##### Stored data
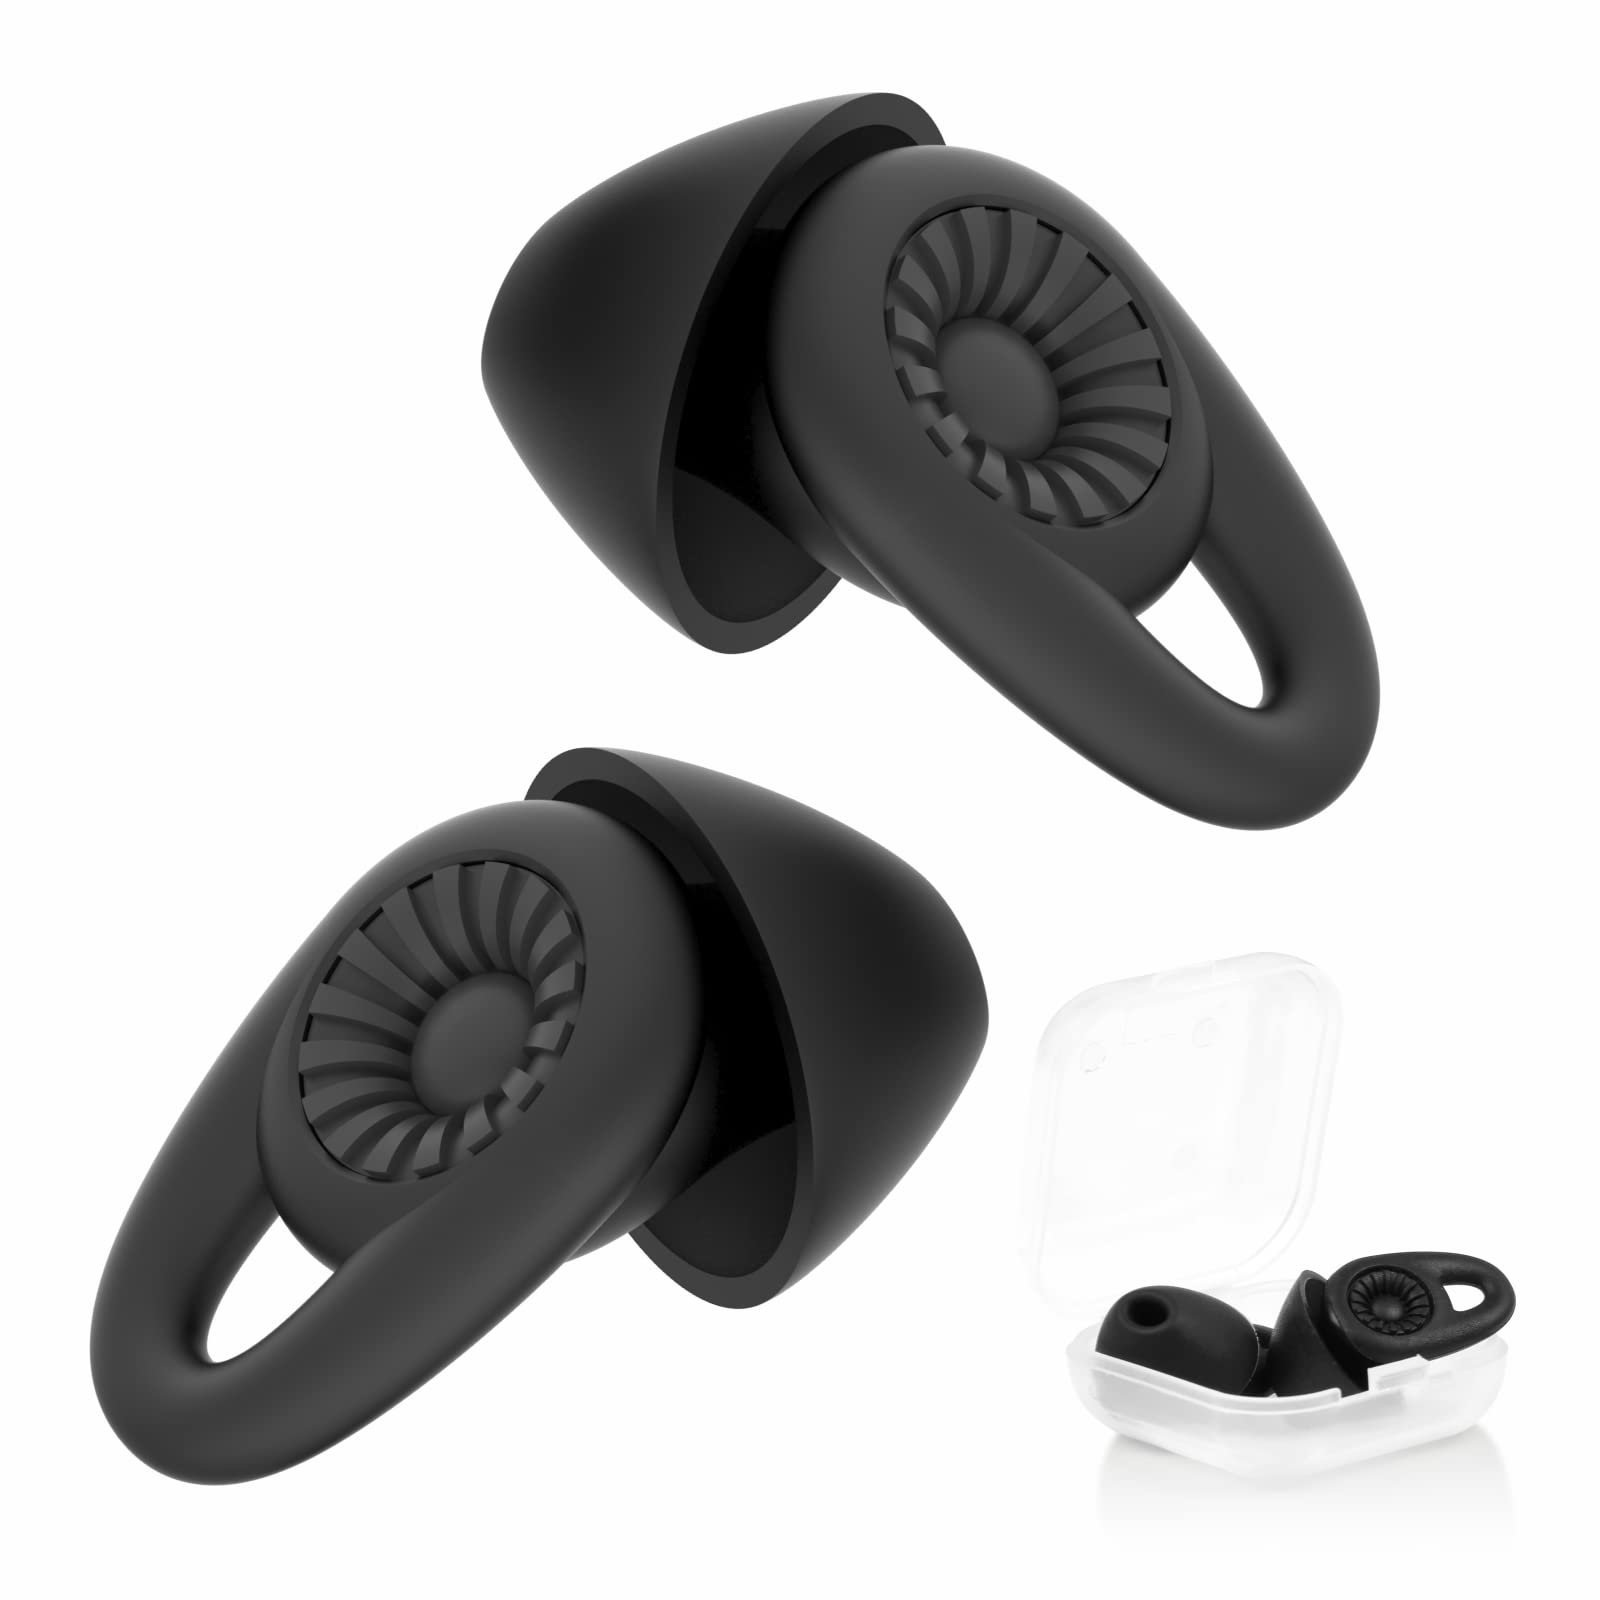 コードなし・ブラック ・遮音性能UPの睡眠用 耳栓Q21耳栓は耳の角度と形状を徹底的に分析して生まれた独特な形状の耳栓です。騒音を34dbカットできます。従来の製品より遮音性能UP！日常の騒々しさを心地の良い静けさに変えてくれます。また、大幅な円形傘構造での外耳道の形に沿ってぴったり塞ぐ、騒音をちゃんと和らげます。※外界音を完全に塞ぐのではなく、高い音から低い音までの全ての音域で音圧を34dB 減衰します。・に基づいた2点改良の設計お客様のお声より、弊社は「つけ心地」を重視し、新型耳栓は2点の改良を実現します。耳栓の耳に入れる部分の長さを短縮し、耳の奥にたどりつけないです。また、耳栓端末の突出ひれの部分をもっと巧に設計し、ちゃんと耳甲介腔に隠れできます。耳にフィットし外れにくく、睡眠中に装着しても抜け落ちません。長時間装着していると耳穴が圧迫されて違和感を感じないんです。・優れた素材＆快適なつけ心地環境保護、無毒性の柔らかい素材を採用し、汚れても水洗いすれば清潔に再使用でき、衛生的です。柔軟性抜群で、睡眠時など長時間装着しても耳が痛くならない快適なつけ
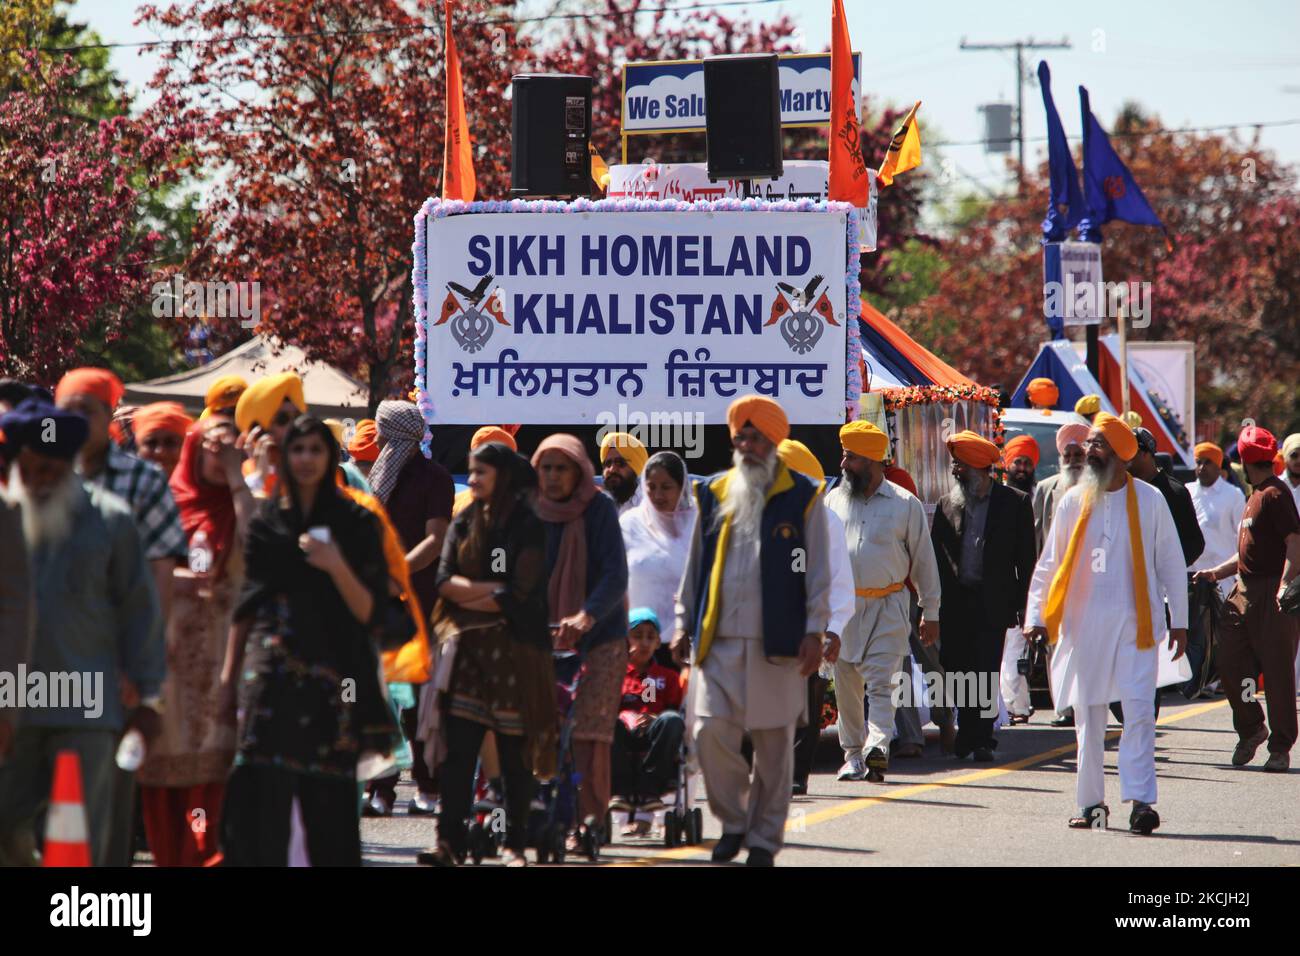 Die kanadische Pro-Khalistan-Sikhs protestieren gegen die indische Regierung und fordern am 06. Mai 2012 einen separaten Sikh-Staat namens Khalistan in Malton, Ontario, Kanada. Tausende von Sikhs nahmen an einem Nagar Kirtan Teil, um Vaisakhi zu feiern und ihre Unzufriedenheit mit der indischen Regierung zu zeigen. Die Khalistan-Bewegung bezieht sich auf eine Bewegung, die versucht, einen separaten Sikh-Staat zu schaffen, genannt Khalistan in der Punjab-Region Indiens. Die territoriale Definition der vorgeschlagenen Nation ist umstritten, wobei einige glauben, dass sie einfach aus dem indischen Bundesstaat Punjab herausgeschnitten werden sollte, wo Sikhs die Mehrheit der Popmusik sind Stockfoto
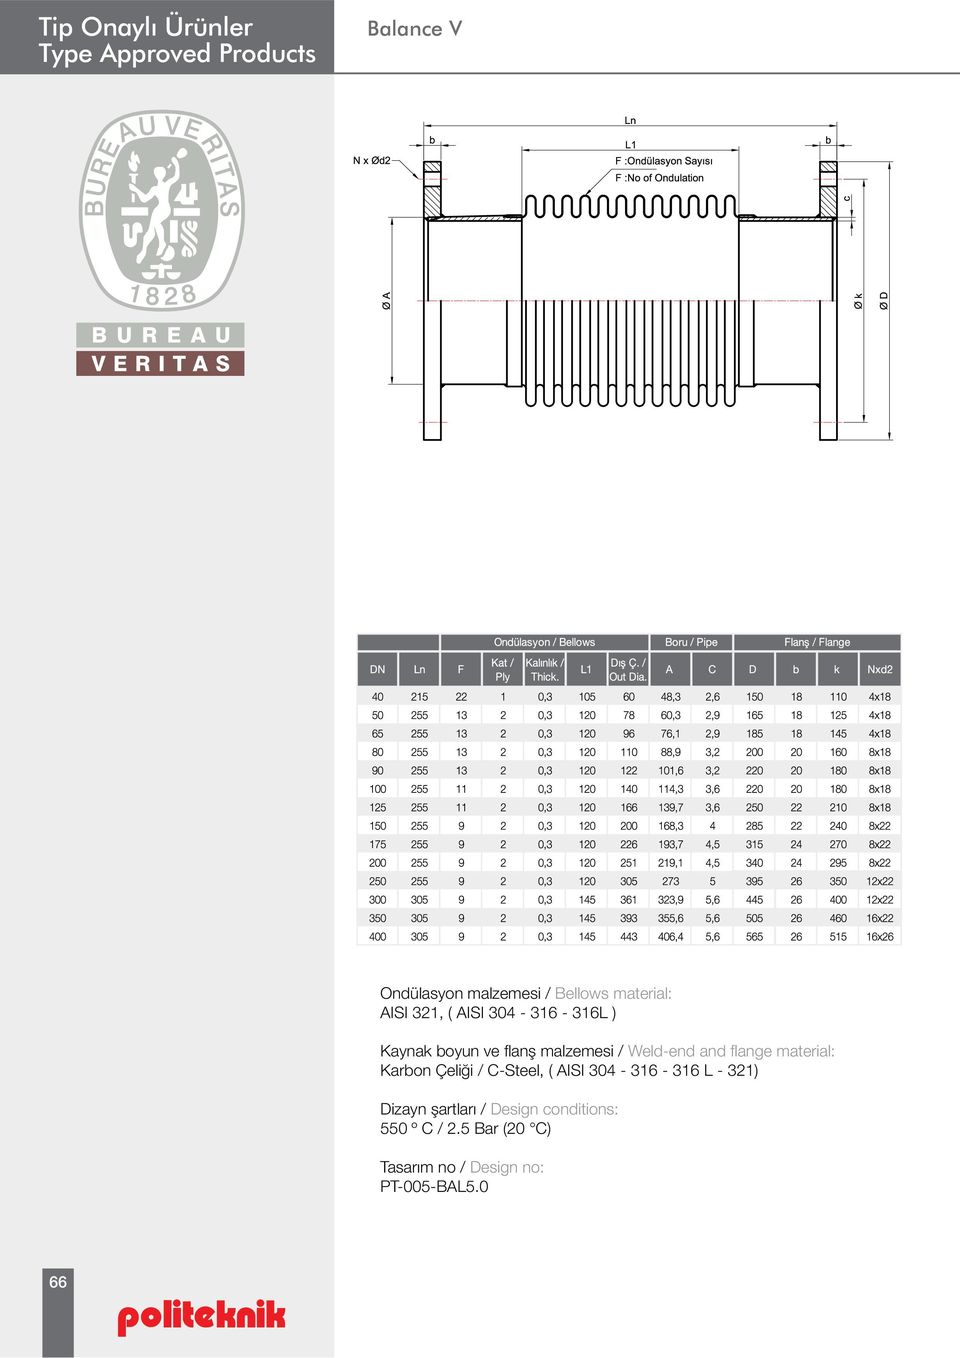 Çeliği / C-Steel, ( AISI 304-316 - 316 L - 321) Dizayn şartları / Design
##########
◆ **Assignment**
Set down, word for word, the full listing above, and carry over no pictures.

◆ **Written reply**
 コードなし・ブラック ・遮音性能UPの睡眠用 耳栓Q21耳栓は耳の角度と形状を徹底的に分析して生まれた独特な形状の耳栓です。騒音を34dbカットできます。従来の製品より遮音性能UP！日常の騒々しさを心地の良い静けさに変えてくれます。また、大幅な円形傘構造での外耳道の形に沿ってぴったり塞ぐ、騒音をちゃんと和らげます。※外界音を完全に塞ぐのではなく、高い音から低い音までの全ての音域で音圧を34dB 減衰します。・に基づいた2点改良の設計お客様のお声より、弊社は「つけ心地」を重視し、新型耳栓は2点の改良を実現します。耳栓の耳に入れる部分の長さを短縮し、耳の奥にたどりつけないです。また、耳栓端末の突出ひれの部分をもっと巧に設計し、ちゃんと耳甲介腔に隠れできます。耳にフィットし外れにくく、睡眠中に装着しても抜け落ちません。長時間装着していると耳穴が圧迫されて違和感を感じないんです。・優れた素材＆快適なつけ心地環境保護、無毒性の柔らかい素材を採用し、汚れても水洗いすれば清潔に再使用でき、衛生的です。柔軟性抜群で、睡眠時など長時間装着しても耳が痛くならない快適なつけ
 Die kanadische Pro-Khalistan-Sikhs protestieren gegen die indische Regierung und fordern am 06. Mai 2012 einen separaten Sikh-Staat namens Khalistan in Malton, Ontario, Kanada. Tausende von Sikhs nahmen an einem Nagar Kirtan Teil, um Vaisakhi zu feiern und ihre Unzufriedenheit mit der indischen Regierung zu zeigen. Die Khalistan-Bewegung bezieht sich auf eine Bewegung, die versucht, einen separaten Sikh-Staat zu schaffen, genannt Khalistan in der Punjab-Region Indiens. Die territoriale Definition der vorgeschlagenen Nation ist umstritten, wobei einige glauben, dass sie einfach aus dem indischen Bundesstaat Punjab herausgeschnitten werden sollte, wo Sikhs die Mehrheit der Popmusik sind Stockfoto
 Çeliği / C-Steel, ( AISI 304-316 - 316 L - 321) Dizayn şartları / Design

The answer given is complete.